Magnesium alloy die casting is suitable for making thin-walled parts. Its material characteristics and die casting process adaptability can meet the needs of lightweight and complex forming of thin-walled parts, and it is widely used in fields such as 3C and automotive.
The characteristics of magnesium alloy material support the production of thin-walled parts. Magnesium alloy has a low density (1.8g/cm ³), only 2/3 of aluminum alloy. When making thin-walled parts, it can significantly reduce weight (about 30% lighter than thin-walled aluminum alloy parts of the same size), and is suitable for the lightweight requirements of 3C products (such as laptop casings and phone frames). Magnesium alloy has good fluidity in the molten state (15% -20% higher than aluminum alloy), and can quickly fill thin-walled cavities (with a small thickness of up to 0.5mm) during die casting. After forming, the structure is uniform, avoiding defects such as material shortage and cold insulation. It is suitable for making thin-walled parts with fine structures (such as buckles and grooves on thin-walled parts).

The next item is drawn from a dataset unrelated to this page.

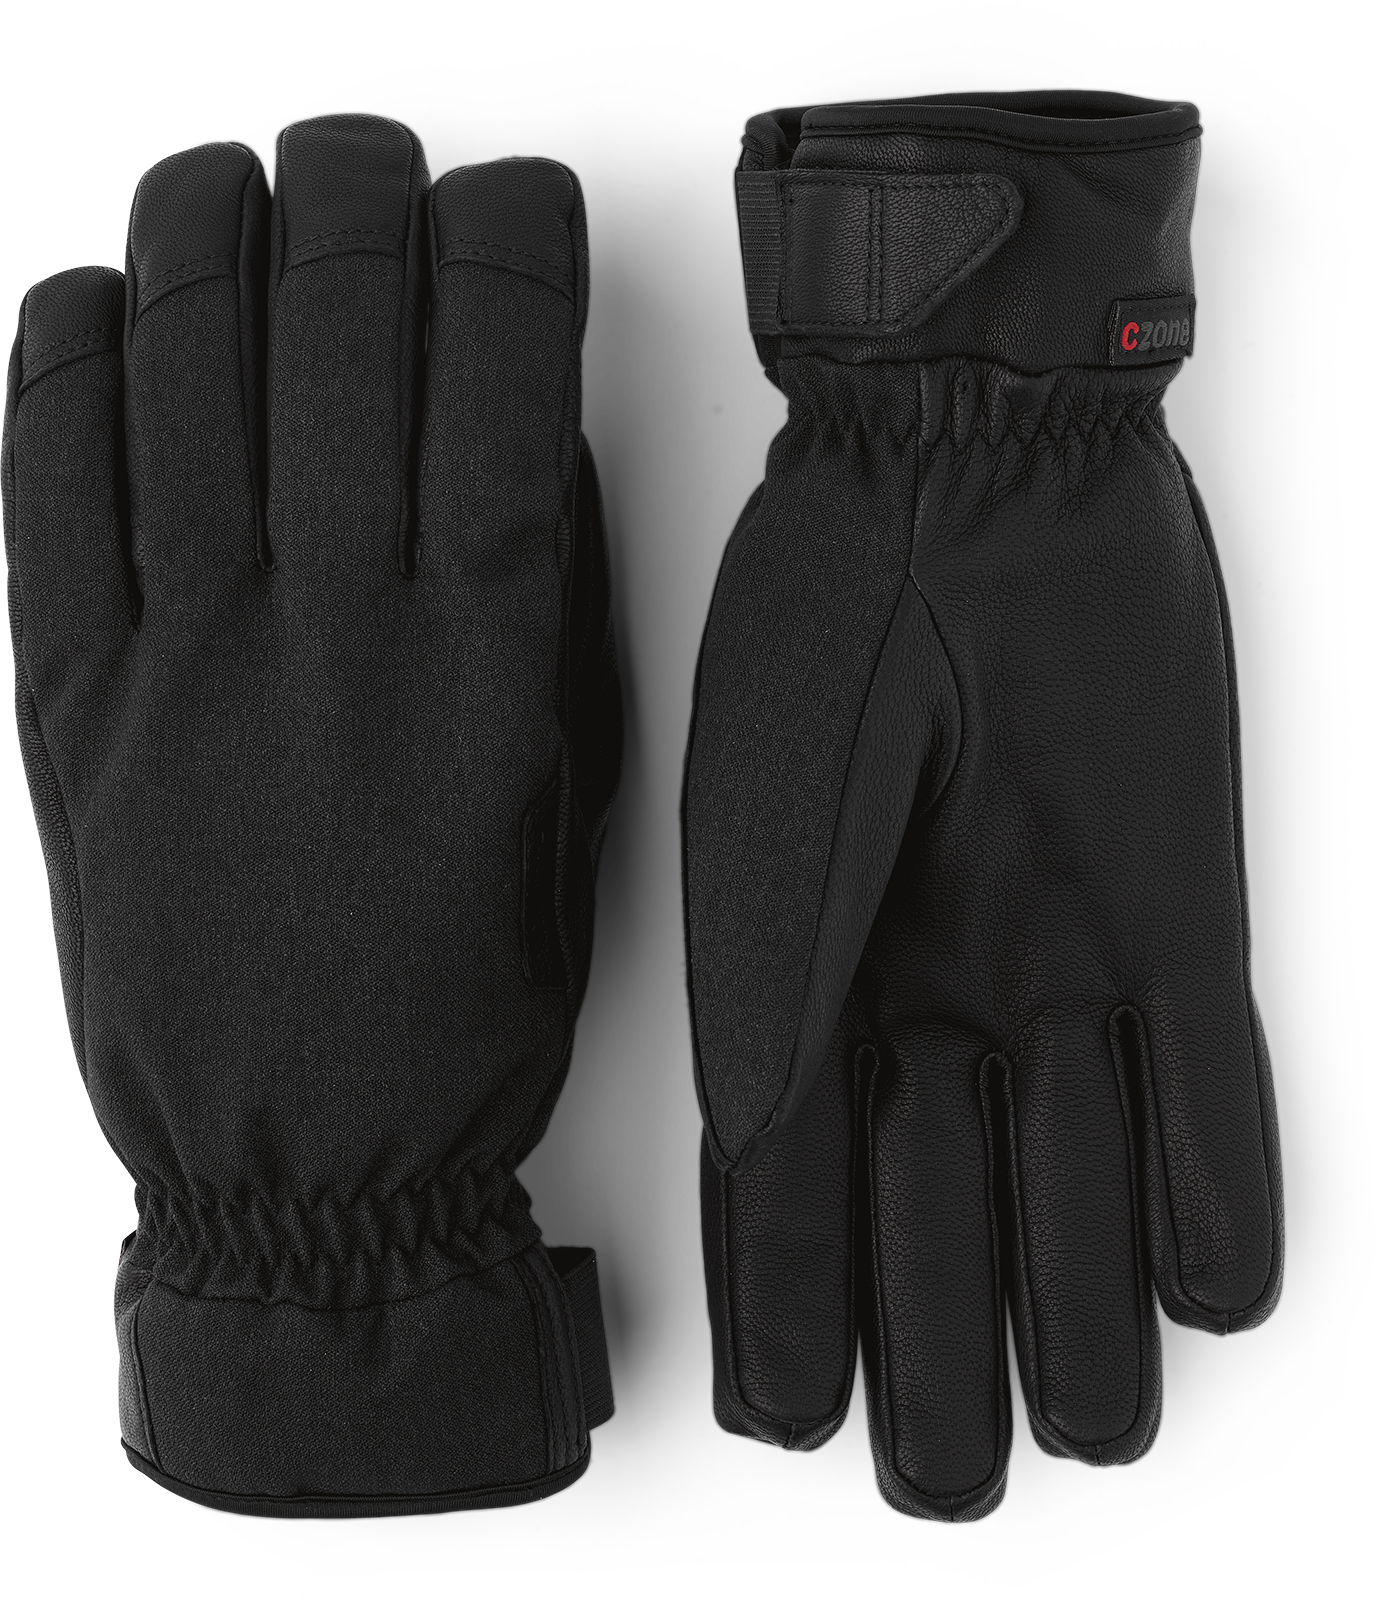 HESTRA Handcuffs ladies 90/17 mm Size 5/9 91880 Ski Glove Mitten retainers Leash

The types and thickness ranges of thin-walled components that are compatible are clear. The commonly used magnesium alloy die-casting thin-walled parts in the 3C field have a thickness of 0.5-2mm, such as the bottom shell of a 13 inch laptop (thickness 1.2-1.5mm) and the middle frame of a tablet (thickness 0.8-1.0mm). These thin-walled parts need to balance lightweight and structural strength. The tensile strength of magnesium alloy can reach 200-300MPa, which can meet the requirements of anti drop and anti deformation in daily use. Magnesium alloy die-casting thin-walled parts with a thickness of 1.5-3mm in the automotive field, such as car center control panel brackets (thickness 2.0-2.5mm) and motor end caps (thickness 2.5-3.0mm), can withstand slight vibrations around the engine while reducing weight.

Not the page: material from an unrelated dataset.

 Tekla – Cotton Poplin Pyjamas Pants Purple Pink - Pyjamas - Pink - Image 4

Key process points ensure the quality of thin-walled components. High precision molds (processing accuracy ± 0.02mm) are required to produce thin-walled magnesium alloy die-casting parts, ensuring accurate cavity dimensions and avoiding uneven wall thickness (deviation should be controlled within ± 0.1mm). During die casting, it is necessary to control the injection speed (3-5m/s) and mold temperature (180-220 ℃). If the speed is too fast, it may cause burrs, and if it is too slow, it may lead to insufficient filling; Low temperature can affect the fluidity of magnesium alloys, while high temperature may cause mold sticking. After forming, deburring treatment (using laser or mechanical polishing) is required to ensure smooth edges of thin-walled parts and avoid scratching assembly personnel or other components with sharp parts.
Surface treatment enhances the durability of thin-walled components. The surface of magnesium alloy die-casting thin-walled parts is prone to oxidation and requires surface treatment, such as spraying (electrostatic spraying thickness of 30-50 μ m), anodizing (oxide film thickness of 5-10 μ m), to improve corrosion resistance (salt spray test can pass for 48-72 hours), and to adapt to humid environments (such as thin-walled parts of smart devices around bathrooms). Some thin-walled components (such as light luxury electronic accessories) can also be treated with wire drawing and sandblasting to enhance their appearance and texture.
Attention should be paid to adapting to scene limitations. Magnesium alloy die-casting thin-walled parts have limited temperature resistance (long-term use temperature ≤ 120 ℃) and are not suitable for scenarios near high-temperature sources (such as thin-walled parts near engine cylinder blocks). Thin walled components with high stress (such as load-bearing brackets) need to be reinforced with reinforcing ribs (width 0.8-1.2mm, height 2-3mm) to avoid deformation or fracture during use. When purchasing, it is necessary to clarify the usage scenarios and stress requirements of thin-walled parts with the manufacturer to ensure that the plan is compatible.